Calidad y servicio deberían ser los pilares de cualquier negocio. Pero a la gente hay que enseñarla. Esto es un oficio, una profesión. No podemos partir de la premisa de que a todos nos educaron igual en nuestras casas. Hay que enseñarle al personal a decir buenos días, buenas tardes, siempre, todas las veces. Hay que exigir que se haga contacto visual con la persona que está en la puerta, no importa el arrolle que haya dentro. Se cae de la mata que no se contesta un teléfono si hay una fila de personas frente a ti. El cliente que está mirándote a los ojos, siempre es prioridad por encima del que llama por teléfono. Maneja las expectativas de la gente, si falta algo esencial en tu menú, déjales saber de antemano. ¿Qué pasó con servir agua en las mesas? Todavía me choca tener que pedir que traigan agua de la pluma a los comensales. No importa si es una fondita o un restaurante de lujo, hay que limpiar mesas, poner cubiertos, dar menús, traer agua. Pareciera algo automático, pero no puedes contratar a alguien cuyo único contacto con el servicio era entregar pizzas o trabajar en un fast food y partir de la premisa de que los pasos del servicio son innatos, porque claramente no lo son. En las mesas siempre tiene que estar pasando algo, si hay vasos vacíos, hay que llenarlos, si la gente no está comiendo, hay que traerles comida o al menos entretenerlos. Esa cultura de que, si la mesa no la estás atendiendo tú, pues la ignoras, se puede corregir, se corrige entrenando y si entrenando no funciona, se cambian las propinas a un pote hasta que aprendan que un restaurante funciona solo si se sirve en comunidad.
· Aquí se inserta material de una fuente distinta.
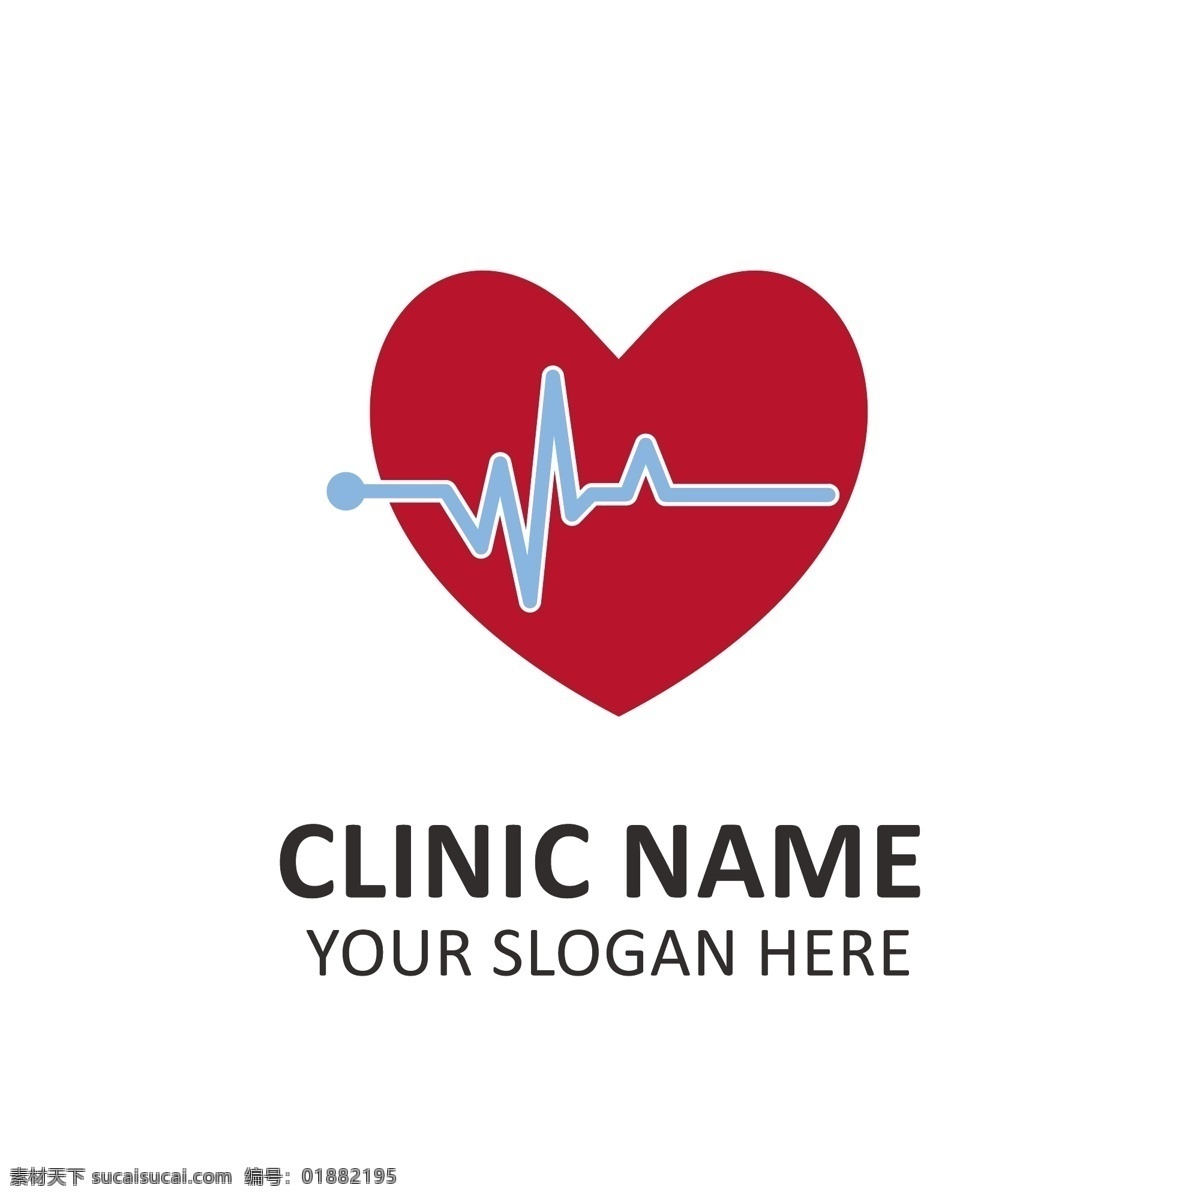 心形 医院 标志 模板 标识 心脏 医疗 健康 交叉 企业 医药 制药 企业身份 身份 诊所 标志模板 口号 形状 白色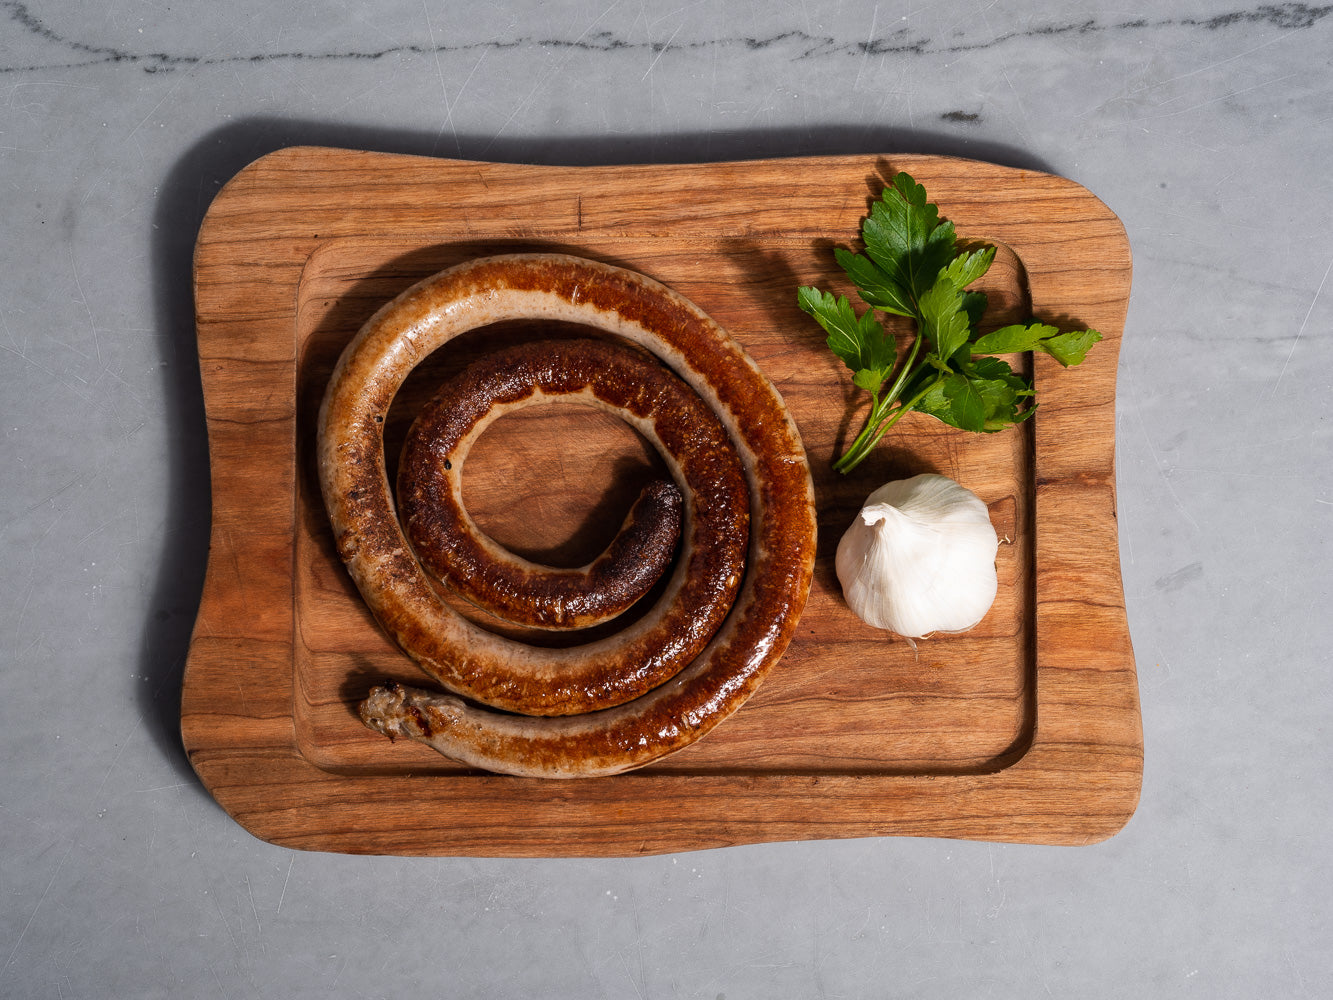 Turkey Sweet Italian Sausage from Pepe Giocoli | Heritage Foods

Últimamente me pasa a cada rato que traen los aperitivos a la vez que el plato principal como si fuese natural, sirven la mitad de la mesa y la otra come cuando los otros terminaron. Estoy hablando de lugares bonitos, sitios de brunch a $30 por cabeza, y en especial en el nuevo fenómeno de restaurantes que manejan mejor sus redes sociales de lo que logran hacer en la cocina y en el piso.
Servir no es un favor. Todo lo contrario, es un trabajo difícil y hacerlo bien es un arte y una verdadera jodienda. La gente puede ser imposible. Quieren hacer sus propios menús, tardan en pedir y luego tienen prisa, hacen reservaciones y no llegan, cuestionan los precios sin tener la menor idea de lo difícil que es conseguir buenos productos, pagar personal, renta, luz, agua, impuestos y todo lo demás. Ven que hay gente esperando mesas y se quieren quedar a acampar sin consumir. Se comen el plato entero y dicen que no les gusta porque no quieren pagar. Se toman veinte palos y después juran y perjuran que no lo hicieron, te tratan como idiota, y muchas veces te faltan el respeto. Como digo una cosa digo la otra, no hay razón para aguantar humillaciones. Si usted no sabe comportarse y tratar al equipo que está dándose a la odisea de tarea que es darle una experiencia completa y agradable con respeto y gratitud, pues mejor cocínese usted mismo, pida una pizza u ordene por el servicarro de un fast food para que tenga el menor contacto con la gente posible. Si no tiene una buena experiencia, quéjense, pero sea justo, no diga que todo está bien en la mesa y luego ponga un review terrible en las redes sociales que le destruya la reputación a personas que están dejando literalmente el pellejo para echar pa’lante. La crítica solo vale la pena si es en ánimos de construir. De lo contrario es envenenar la comida que no va a comerse y eso, es un comportamiento típico de ratas y otros roedores.